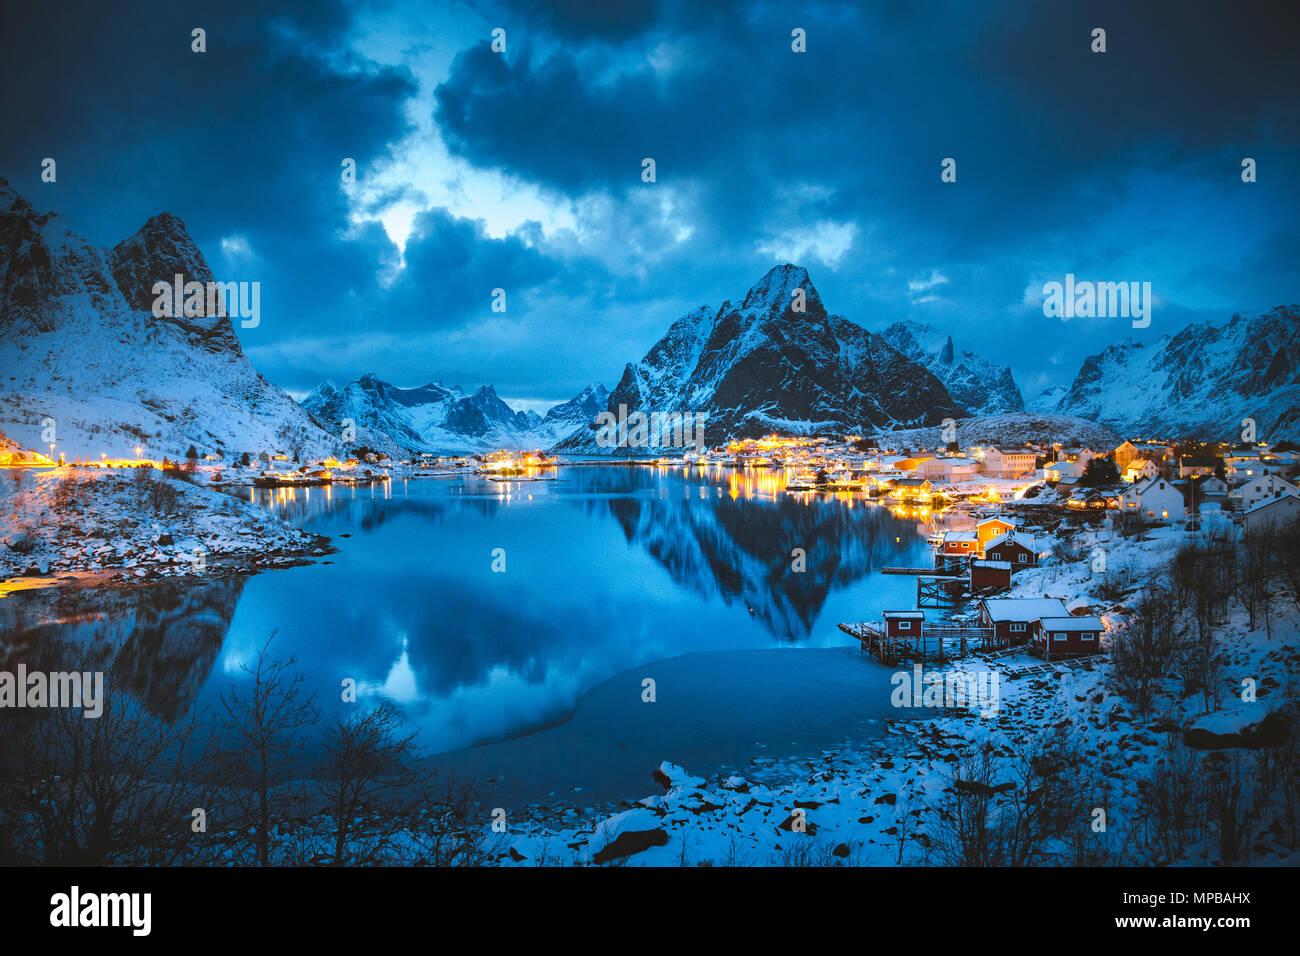 L'affichage classique du célèbre village de pêcheurs de reine avec Olstinden pic dans l'arrière-plan en hiver magique au crépuscule, îles Lofoten, Norvège Photo Stock
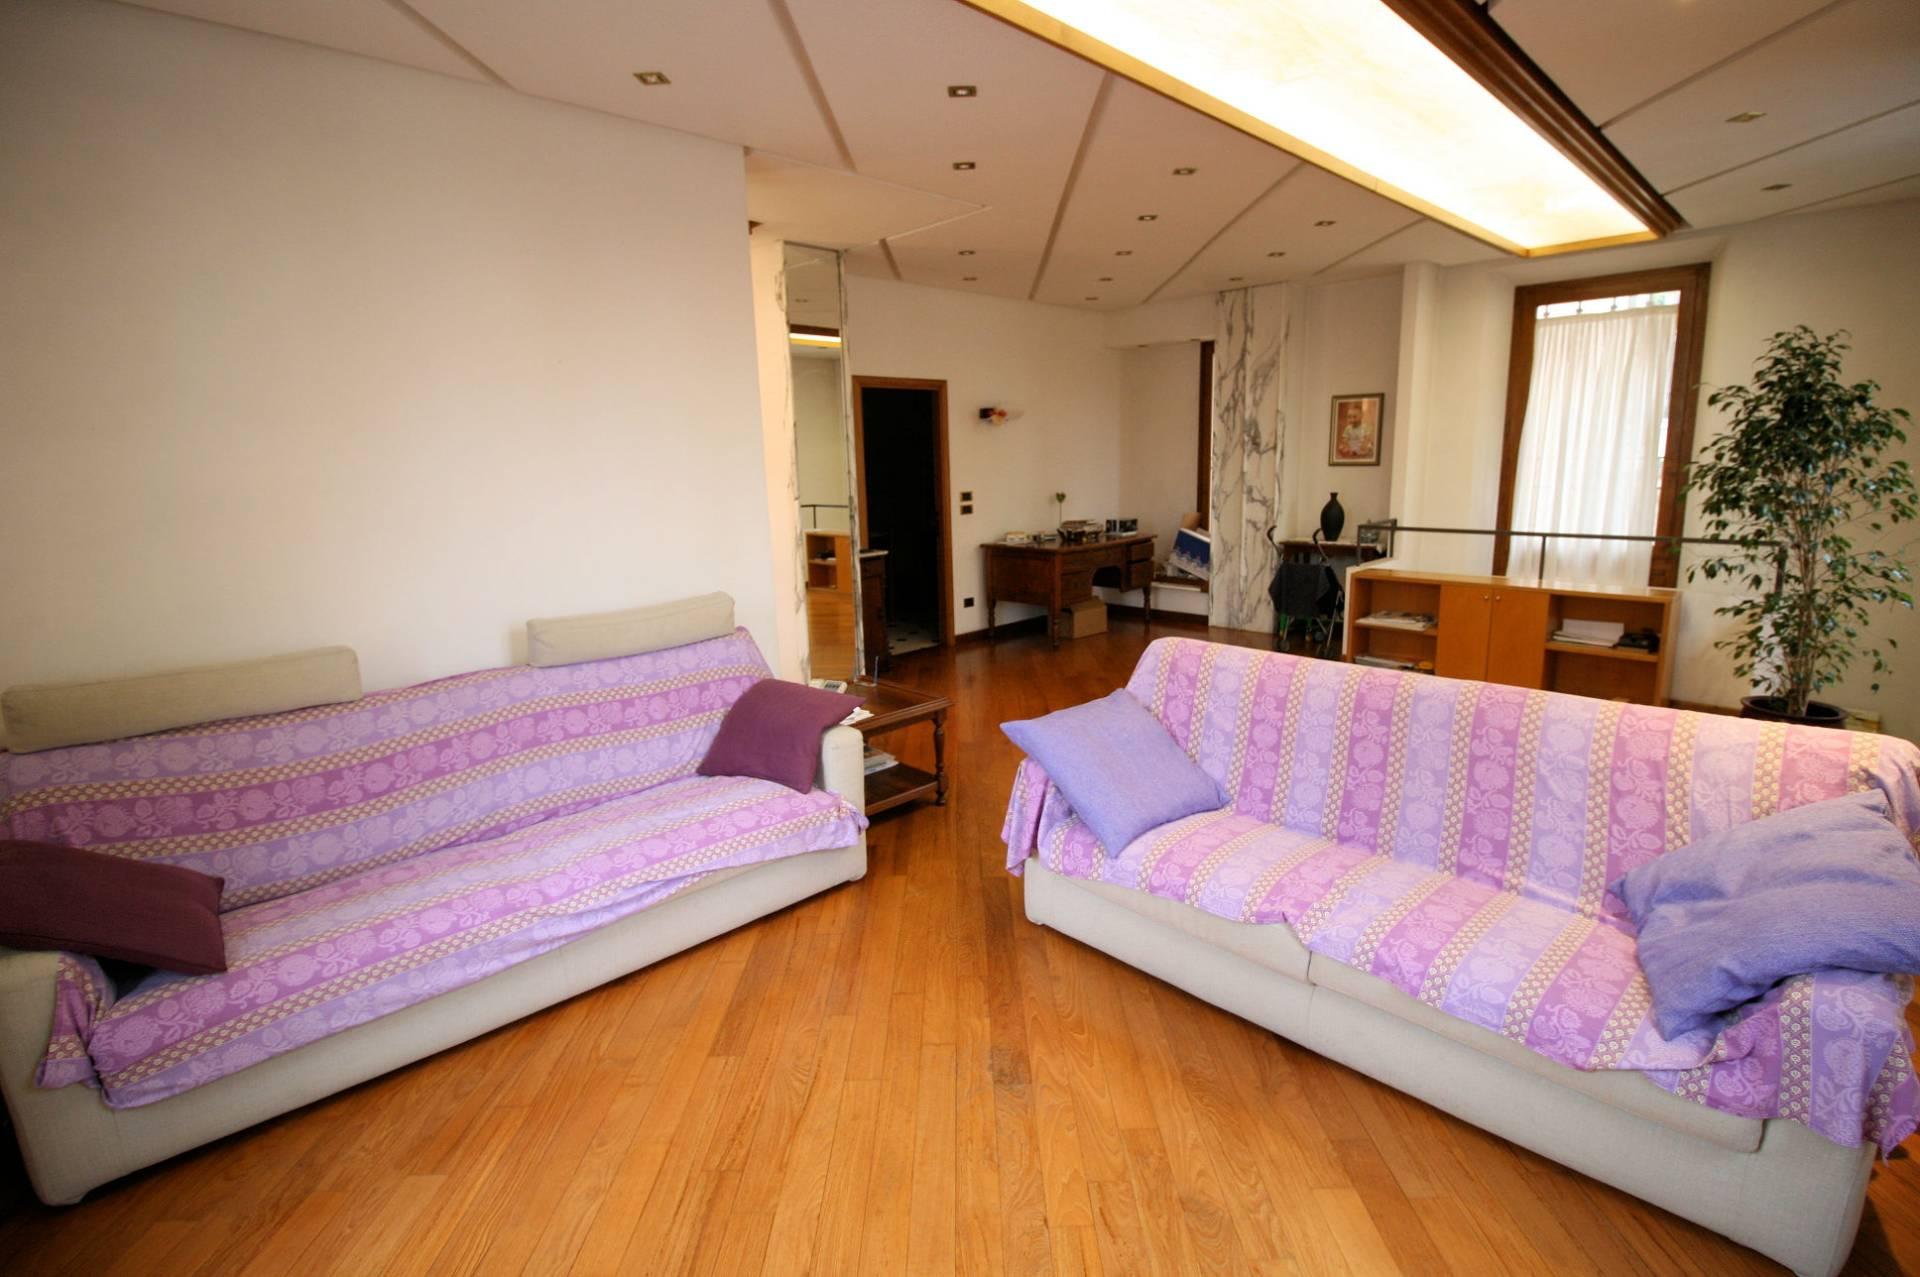 Villa Bifamiliare in vendita a Montecatini-Terme, 9 locali, prezzo € 590.000 | Cambio Casa.it
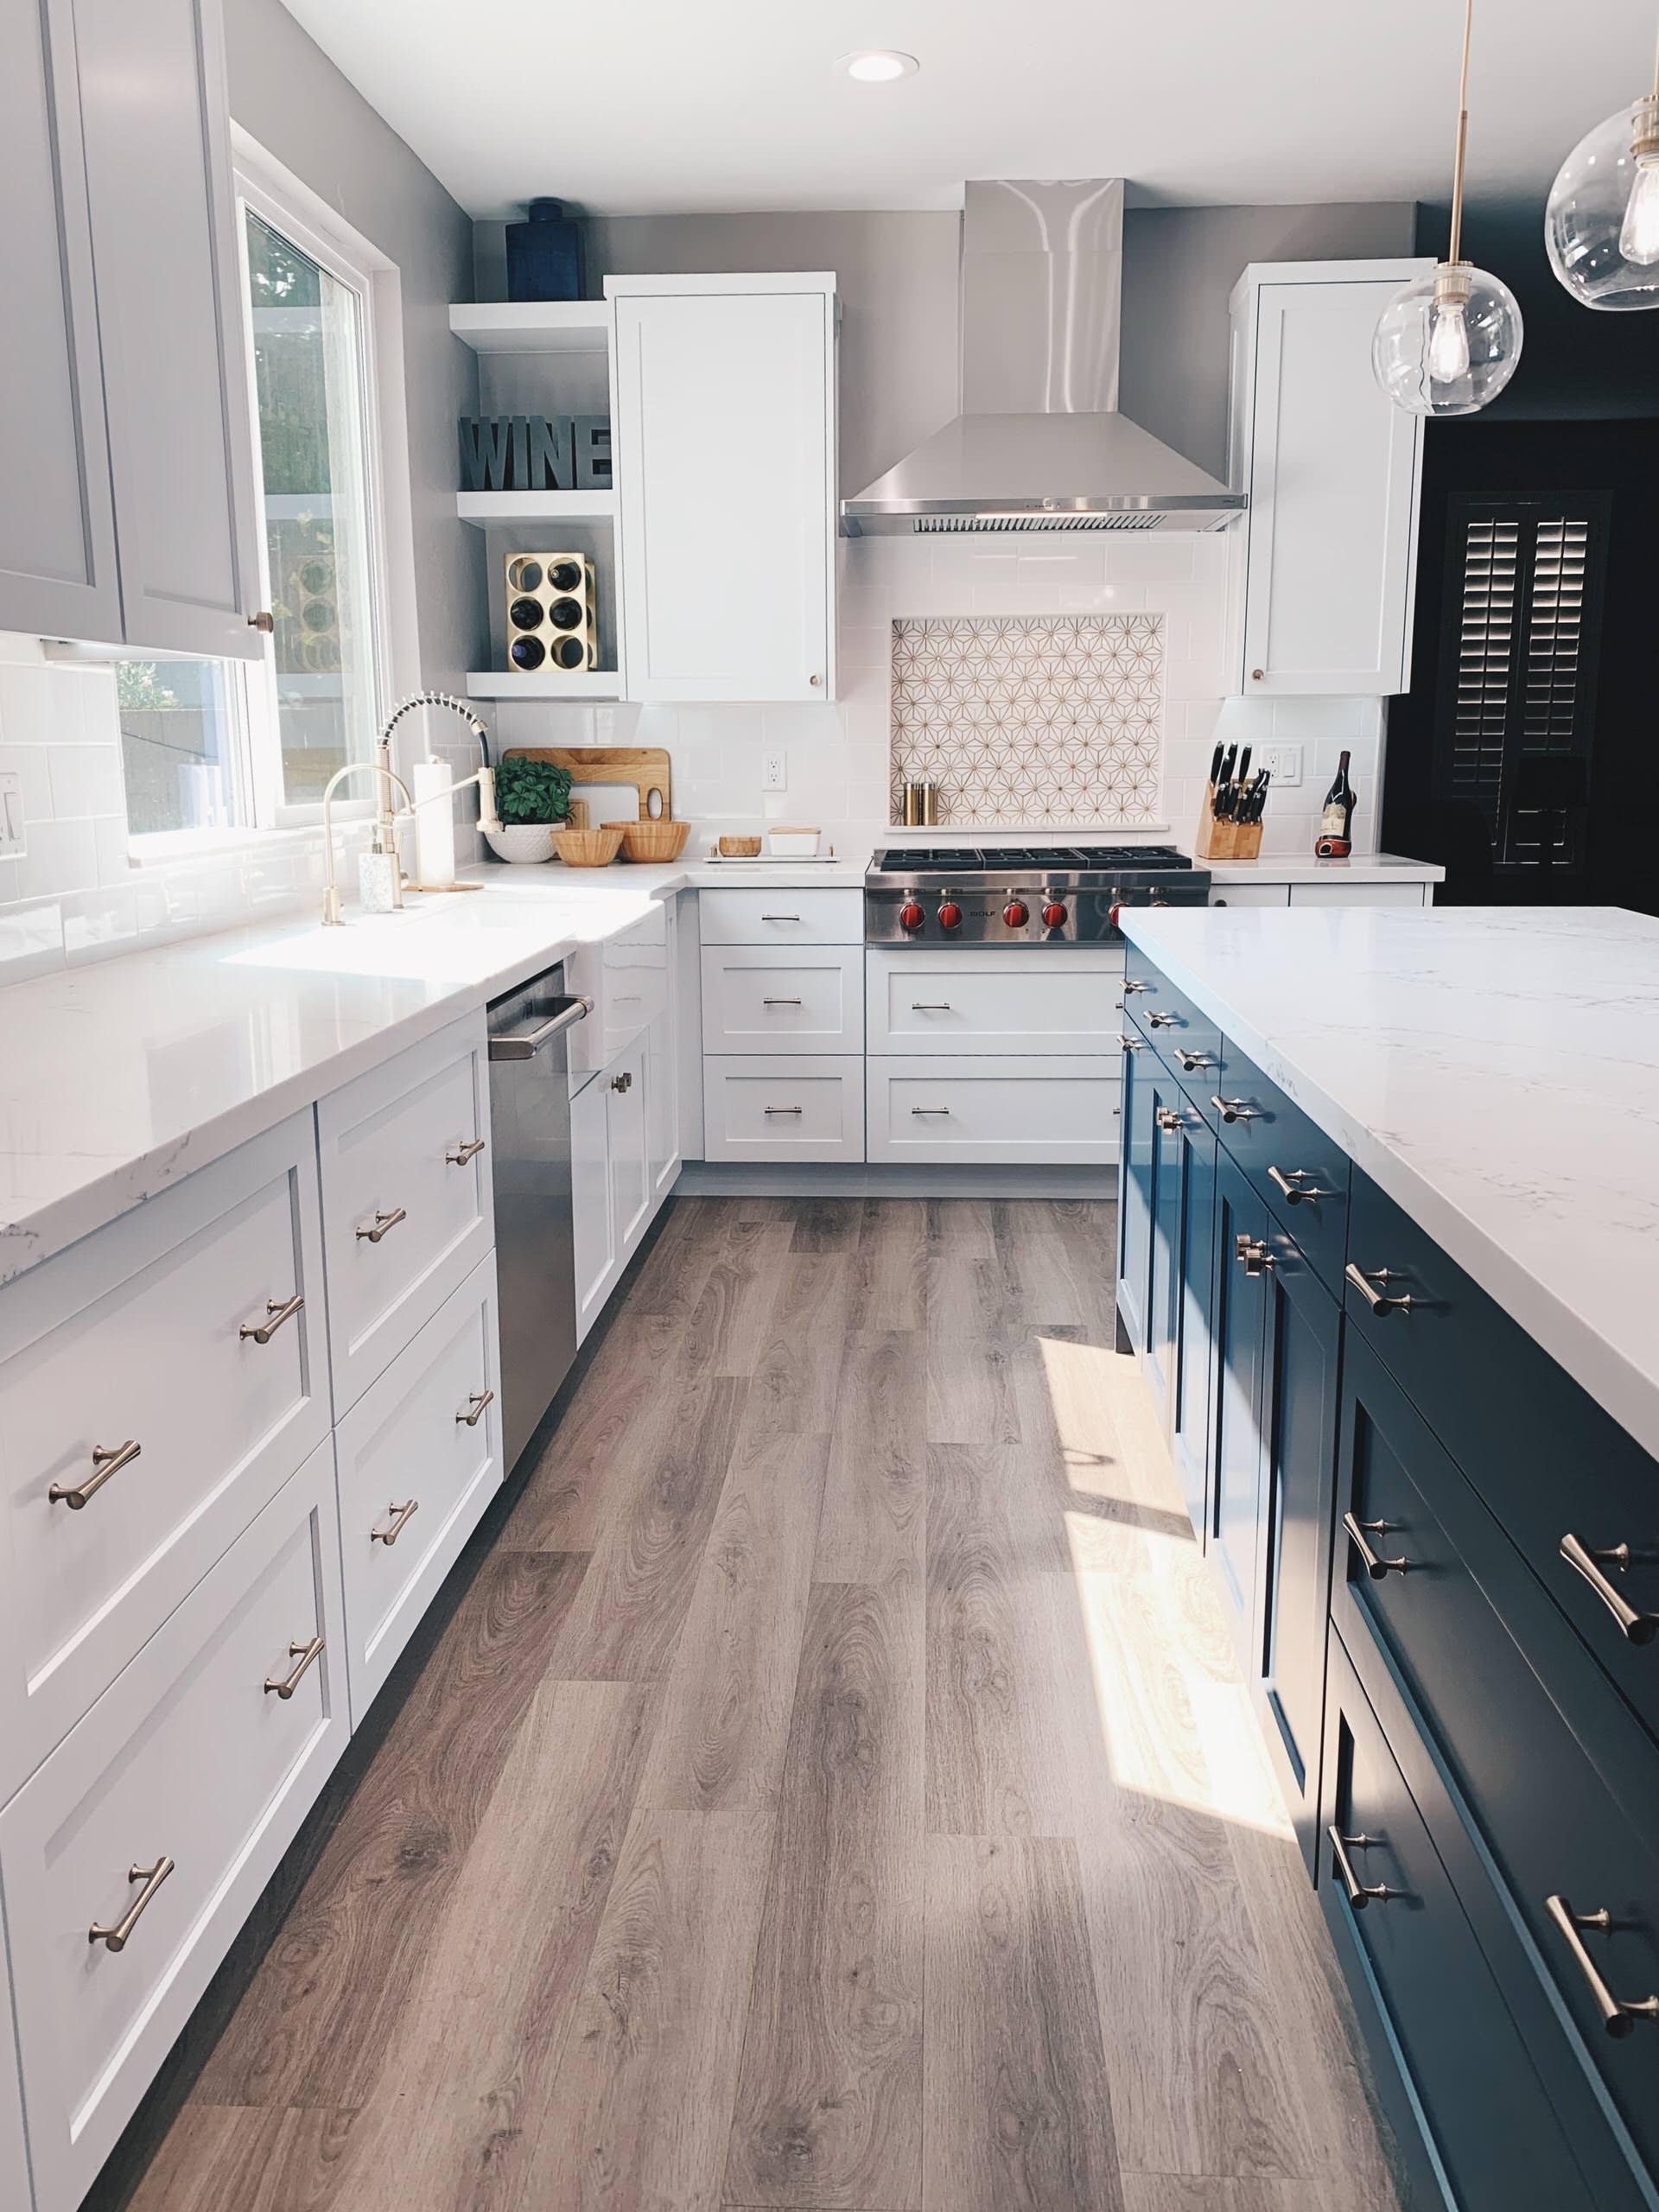 AMAZING kitchen rehab
------------------------------------
### Instructions for the task
Your copy should hold exactly the lines from the line containing "Villa Bifamiliare in" through the last line of the listing above, both included, and no pictures.

### Solution to the problem
 Villa Bifamiliare in vendita a Montecatini-Terme, 9 locali, prezzo € 590.000 | Cambio Casa.it
 AMAZING kitchen rehab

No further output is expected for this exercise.